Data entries
[Start of Attachment]

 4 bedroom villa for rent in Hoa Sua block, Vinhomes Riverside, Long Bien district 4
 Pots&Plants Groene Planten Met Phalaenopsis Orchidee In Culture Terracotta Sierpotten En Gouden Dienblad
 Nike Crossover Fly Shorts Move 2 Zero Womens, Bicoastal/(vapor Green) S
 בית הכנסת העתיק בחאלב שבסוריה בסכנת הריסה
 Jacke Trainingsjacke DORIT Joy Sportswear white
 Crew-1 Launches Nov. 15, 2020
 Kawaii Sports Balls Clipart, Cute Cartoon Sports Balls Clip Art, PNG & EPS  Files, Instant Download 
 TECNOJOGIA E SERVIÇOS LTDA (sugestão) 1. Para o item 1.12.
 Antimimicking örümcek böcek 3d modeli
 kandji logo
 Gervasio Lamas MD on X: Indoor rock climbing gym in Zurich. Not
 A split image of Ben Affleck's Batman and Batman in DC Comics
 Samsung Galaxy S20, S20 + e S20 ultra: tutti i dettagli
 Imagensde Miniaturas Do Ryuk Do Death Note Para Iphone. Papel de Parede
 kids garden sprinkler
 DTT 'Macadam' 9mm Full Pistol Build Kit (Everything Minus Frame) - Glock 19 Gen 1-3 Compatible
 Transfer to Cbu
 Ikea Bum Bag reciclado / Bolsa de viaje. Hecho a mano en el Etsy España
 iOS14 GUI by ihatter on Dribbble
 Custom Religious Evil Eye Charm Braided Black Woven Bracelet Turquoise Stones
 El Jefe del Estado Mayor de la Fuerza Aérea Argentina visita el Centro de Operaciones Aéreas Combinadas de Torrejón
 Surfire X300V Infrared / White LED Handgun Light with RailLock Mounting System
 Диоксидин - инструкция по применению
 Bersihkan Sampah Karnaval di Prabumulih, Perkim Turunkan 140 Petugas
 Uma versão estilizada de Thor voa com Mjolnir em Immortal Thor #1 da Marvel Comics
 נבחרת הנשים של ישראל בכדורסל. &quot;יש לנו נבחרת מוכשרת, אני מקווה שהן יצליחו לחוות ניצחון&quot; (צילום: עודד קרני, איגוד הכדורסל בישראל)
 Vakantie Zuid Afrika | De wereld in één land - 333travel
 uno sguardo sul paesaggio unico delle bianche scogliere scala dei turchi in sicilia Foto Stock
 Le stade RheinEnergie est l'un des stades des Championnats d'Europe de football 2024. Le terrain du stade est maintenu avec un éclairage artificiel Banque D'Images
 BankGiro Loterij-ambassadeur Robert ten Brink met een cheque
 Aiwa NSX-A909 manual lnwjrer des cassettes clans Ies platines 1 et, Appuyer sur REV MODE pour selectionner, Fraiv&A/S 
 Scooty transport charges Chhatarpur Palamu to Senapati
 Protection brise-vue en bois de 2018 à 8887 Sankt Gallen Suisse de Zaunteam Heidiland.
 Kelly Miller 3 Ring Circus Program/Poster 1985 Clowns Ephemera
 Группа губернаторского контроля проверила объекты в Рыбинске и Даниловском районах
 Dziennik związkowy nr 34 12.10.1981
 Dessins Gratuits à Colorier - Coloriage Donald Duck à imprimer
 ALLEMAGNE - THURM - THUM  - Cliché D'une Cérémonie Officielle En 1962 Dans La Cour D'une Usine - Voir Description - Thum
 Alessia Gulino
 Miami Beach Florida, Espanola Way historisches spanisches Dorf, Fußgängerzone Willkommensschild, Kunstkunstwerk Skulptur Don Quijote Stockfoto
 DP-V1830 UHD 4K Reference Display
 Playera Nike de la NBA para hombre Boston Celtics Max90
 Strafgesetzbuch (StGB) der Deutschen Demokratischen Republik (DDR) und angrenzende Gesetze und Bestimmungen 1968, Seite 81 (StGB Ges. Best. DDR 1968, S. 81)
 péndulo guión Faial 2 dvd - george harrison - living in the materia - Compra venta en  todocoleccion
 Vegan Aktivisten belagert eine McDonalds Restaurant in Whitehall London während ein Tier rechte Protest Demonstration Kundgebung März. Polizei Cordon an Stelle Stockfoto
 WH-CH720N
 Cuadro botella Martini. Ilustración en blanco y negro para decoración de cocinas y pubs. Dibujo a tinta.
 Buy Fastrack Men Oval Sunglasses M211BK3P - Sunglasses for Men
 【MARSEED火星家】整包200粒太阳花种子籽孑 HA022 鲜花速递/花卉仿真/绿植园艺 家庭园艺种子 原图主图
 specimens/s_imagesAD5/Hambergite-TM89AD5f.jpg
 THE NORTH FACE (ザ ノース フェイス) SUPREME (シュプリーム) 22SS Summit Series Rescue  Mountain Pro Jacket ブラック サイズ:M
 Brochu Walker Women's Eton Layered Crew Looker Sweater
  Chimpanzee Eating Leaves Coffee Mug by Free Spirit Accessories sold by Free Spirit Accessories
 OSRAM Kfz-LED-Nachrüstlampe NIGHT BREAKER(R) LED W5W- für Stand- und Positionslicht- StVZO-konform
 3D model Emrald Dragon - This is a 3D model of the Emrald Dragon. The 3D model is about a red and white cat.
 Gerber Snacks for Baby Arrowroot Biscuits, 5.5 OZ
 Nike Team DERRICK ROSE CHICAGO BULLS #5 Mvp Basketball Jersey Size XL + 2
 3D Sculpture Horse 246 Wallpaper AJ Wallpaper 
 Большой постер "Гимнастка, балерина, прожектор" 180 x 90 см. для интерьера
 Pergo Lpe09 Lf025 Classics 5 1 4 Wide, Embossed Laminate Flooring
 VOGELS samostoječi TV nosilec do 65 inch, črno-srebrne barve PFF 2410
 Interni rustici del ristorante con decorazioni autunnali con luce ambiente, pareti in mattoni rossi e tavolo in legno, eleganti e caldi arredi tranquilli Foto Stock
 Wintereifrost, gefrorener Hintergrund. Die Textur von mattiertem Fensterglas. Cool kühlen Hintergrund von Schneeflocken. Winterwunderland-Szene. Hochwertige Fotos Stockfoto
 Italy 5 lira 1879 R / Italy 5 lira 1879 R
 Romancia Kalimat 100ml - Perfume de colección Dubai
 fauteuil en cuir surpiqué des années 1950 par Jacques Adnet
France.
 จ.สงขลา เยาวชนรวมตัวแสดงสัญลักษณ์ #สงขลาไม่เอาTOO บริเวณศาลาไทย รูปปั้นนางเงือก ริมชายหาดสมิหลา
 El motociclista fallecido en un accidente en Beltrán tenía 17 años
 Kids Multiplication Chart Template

[End of Attachment]

GOAL OF THE EXERCISE
In the entries above, find the line with "A split image" and the line with "Playera Nike de", then set down exactly those two and every line between them, nothing else.

EXPECTED ANSWER
 A split image of Ben Affleck's Batman and Batman in DC Comics
 Samsung Galaxy S20, S20 + e S20 ultra: tutti i dettagli
 Imagensde Miniaturas Do Ryuk Do Death Note Para Iphone. Papel de Parede
 kids garden sprinkler
 DTT 'Macadam' 9mm Full Pistol Build Kit (Everything Minus Frame) - Glock 19 Gen 1-3 Compatible
 Transfer to Cbu
 Ikea Bum Bag reciclado / Bolsa de viaje. Hecho a mano en el Etsy España
 iOS14 GUI by ihatter on Dribbble
 Custom Religious Evil Eye Charm Braided Black Woven Bracelet Turquoise Stones
 El Jefe del Estado Mayor de la Fuerza Aérea Argentina visita el Centro de Operaciones Aéreas Combinadas de Torrejón
 Surfire X300V Infrared / White LED Handgun Light with RailLock Mounting System
 Диоксидин - инструкция по применению
 Bersihkan Sampah Karnaval di Prabumulih, Perkim Turunkan 140 Petugas
 Uma versão estilizada de Thor voa com Mjolnir em Immortal Thor #1 da Marvel Comics
 נבחרת הנשים של ישראל בכדורסל. &quot;יש לנו נבחרת מוכשרת, אני מקווה שהן יצליחו לחוות ניצחון&quot; (צילום: עודד קרני, איגוד הכדורסל בישראל)
 Vakantie Zuid Afrika | De wereld in één land - 333travel
 uno sguardo sul paesaggio unico delle bianche scogliere scala dei turchi in sicilia Foto Stock
 Le stade RheinEnergie est l'un des stades des Championnats d'Europe de football 2024. Le terrain du stade est maintenu avec un éclairage artificiel Banque D'Images
 BankGiro Loterij-ambassadeur Robert ten Brink met een cheque
 Aiwa NSX-A909 manual lnwjrer des cassettes clans Ies platines 1 et, Appuyer sur REV MODE pour selectionner, Fraiv&A/S 
 Scooty transport charges Chhatarpur Palamu to Senapati
 Protection brise-vue en bois de 2018 à 8887 Sankt Gallen Suisse de Zaunteam Heidiland.
 Kelly Miller 3 Ring Circus Program/Poster 1985 Clowns Ephemera
 Группа губернаторского контроля проверила объекты в Рыбинске и Даниловском районах
 Dziennik związkowy nr 34 12.10.1981
 Dessins Gratuits à Colorier - Coloriage Donald Duck à imprimer
 ALLEMAGNE - THURM - THUM  - Cliché D'une Cérémonie Officielle En 1962 Dans La Cour D'une Usine - Voir Description - Thum
 Alessia Gulino
 Miami Beach Florida, Espanola Way historisches spanisches Dorf, Fußgängerzone Willkommensschild, Kunstkunstwerk Skulptur Don Quijote Stockfoto
 DP-V1830 UHD 4K Reference Display
 Playera Nike de la NBA para hombre Boston Celtics Max90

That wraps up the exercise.